ShellMonkey@lemmy.socdojo.com on 26 Dec 00:30 next collapse

About 700 watts, it makes for a decent space heater in the winter.

corroded@lemmy.world on 26 Dec 00:41 collapse

I’m right around the same level, and it actually keeps my server room / workshop at comfortable temperature during the winter. I also have my gaming PC mounted in my server rack; when that’s running, there are times where my AC will still kick in even when it’s 40 degrees outside.
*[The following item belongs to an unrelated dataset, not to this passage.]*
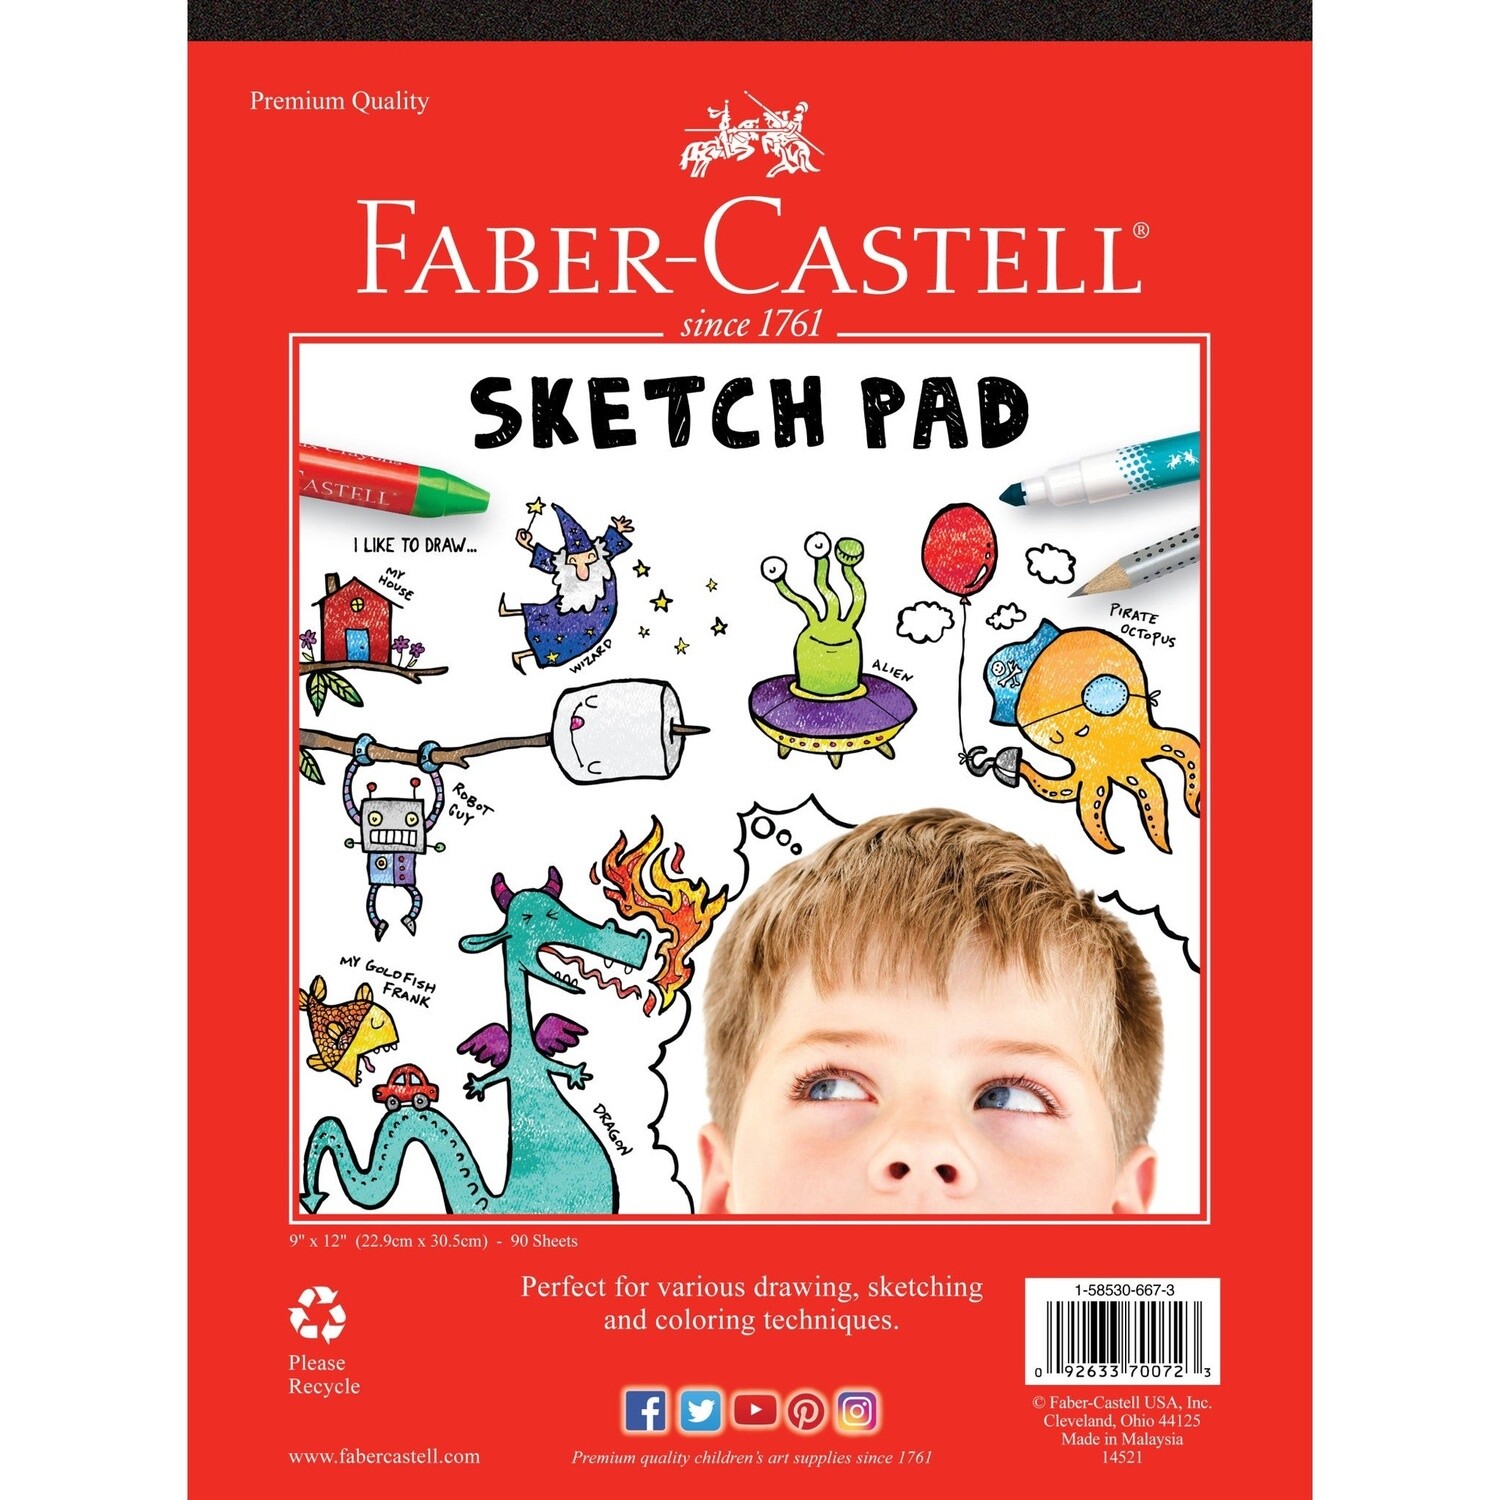 Faber-Castell Sketch Pad 9" x 12"

corroded@lemmy.world on 26 Dec 00:35 next collapse

For two servers (one with a lot of spinning rust), two switches, and a few other miscellaneous network appliances. My server rack averages around 600-650W. During periods of high demand (nightly backups, for instance), that can peak at around 750W.

GravitySpoiled@lemmy.ml on 26 Dec 10:42 collapse

Wow, that sounds like I have rookie numbers

Lemmchen@feddit.org on 26 Dec 01:07 next collapse

I’m idling at 120W with eight drives, but I’m currently looking into how to lower it.

cmnybo@discuss.tchncs.de on 26 Dec 01:15 next collapse

My server with 8 hard drives uses about 60 watts and goes up to around 80 under heavy load. The firewall, switch, access points and modem use another 50-60 watts.

I really need upgrade my server and firewall to something about 10 years newer, it would reduce my power consumption quite a bit and I would have a lot more runtime on UPS.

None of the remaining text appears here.